--- Input data ---

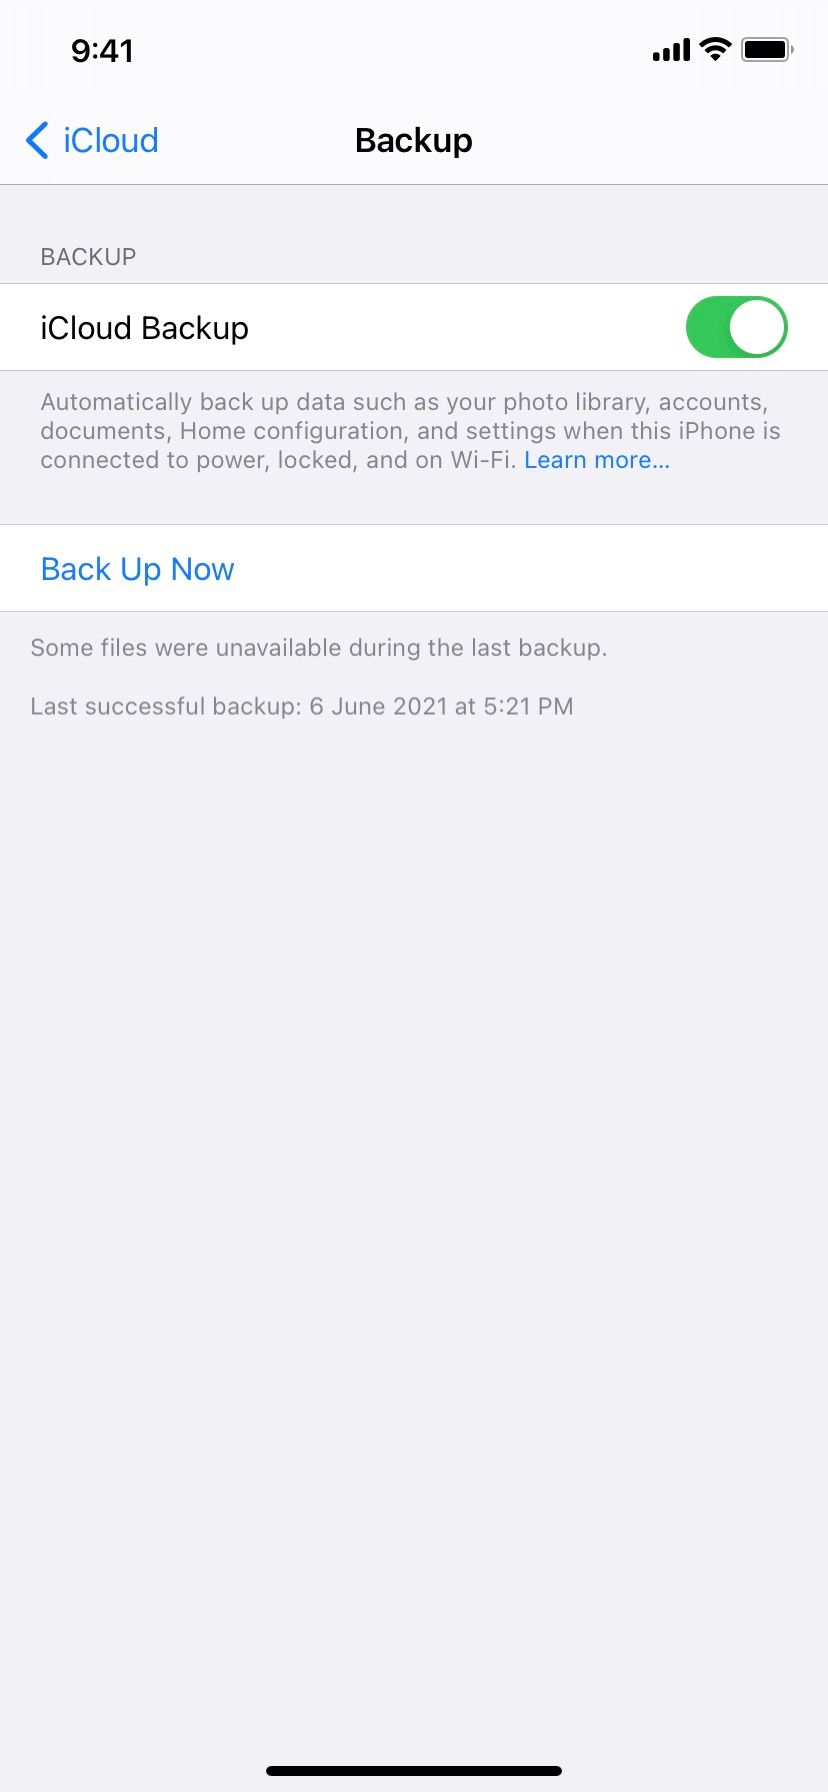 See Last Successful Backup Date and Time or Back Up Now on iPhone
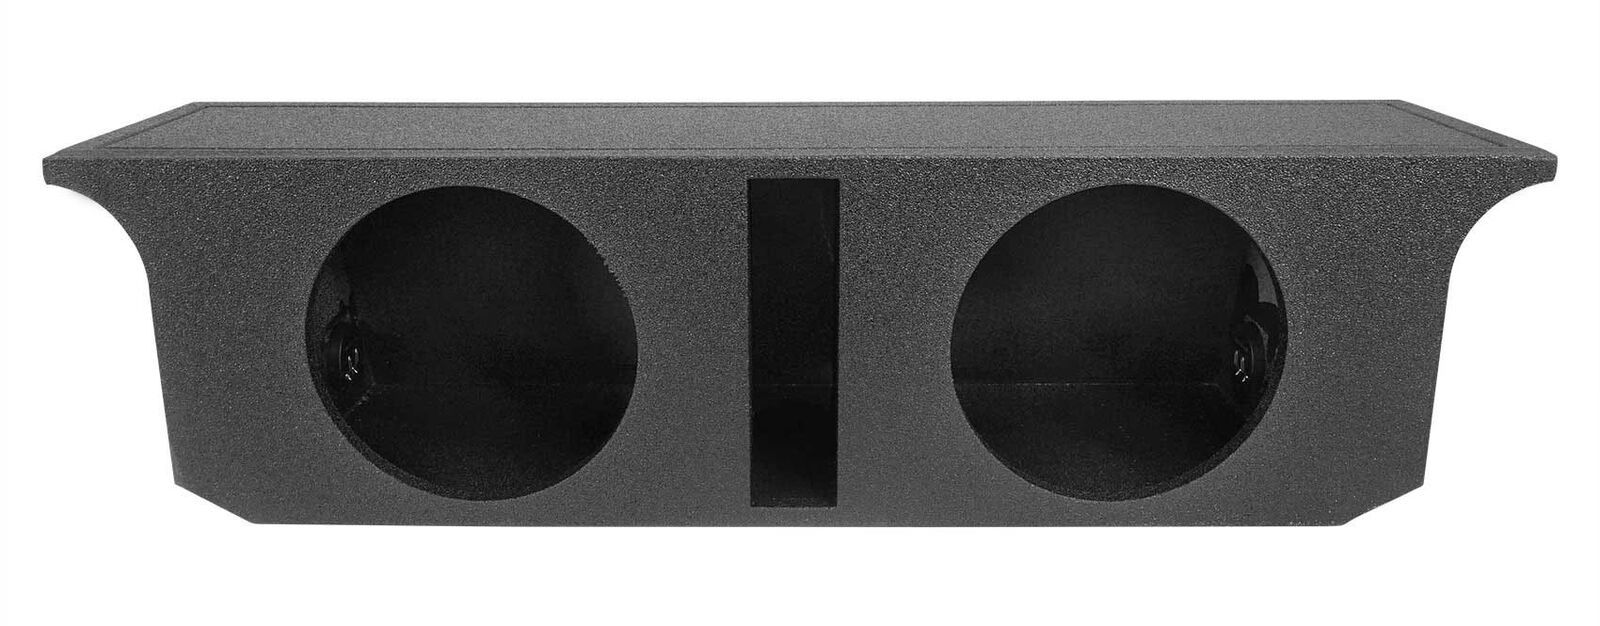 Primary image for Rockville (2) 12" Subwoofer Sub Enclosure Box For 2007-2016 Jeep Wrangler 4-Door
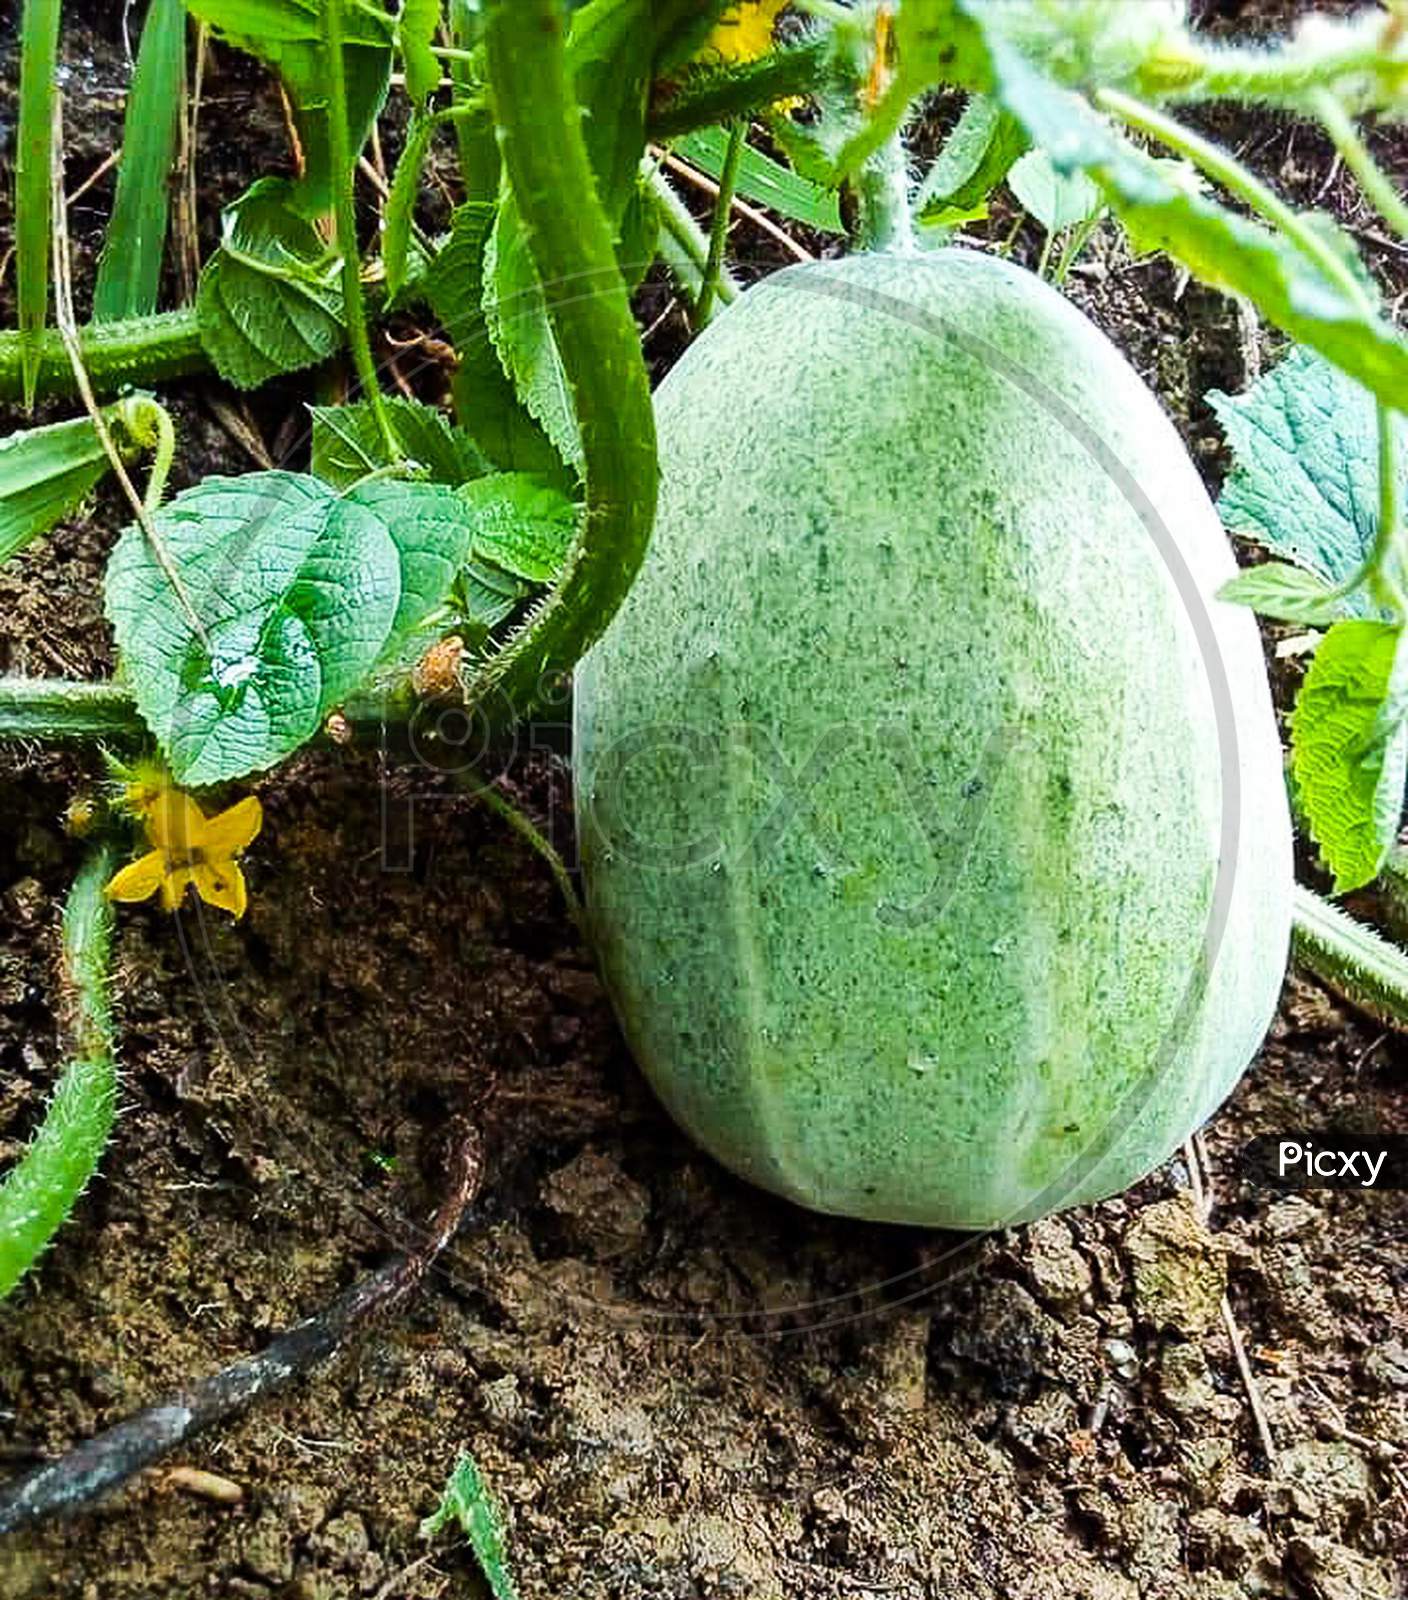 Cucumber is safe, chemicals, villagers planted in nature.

---

Word for word, retype all of the data above, but include no pictures.

 See Last Successful Backup Date and Time or Back Up Now on iPhone
 Primary image for Rockville (2) 12" Subwoofer Sub Enclosure Box For 2007-2016 Jeep Wrangler 4-Door
 Cucumber is safe, chemicals, villagers planted in nature.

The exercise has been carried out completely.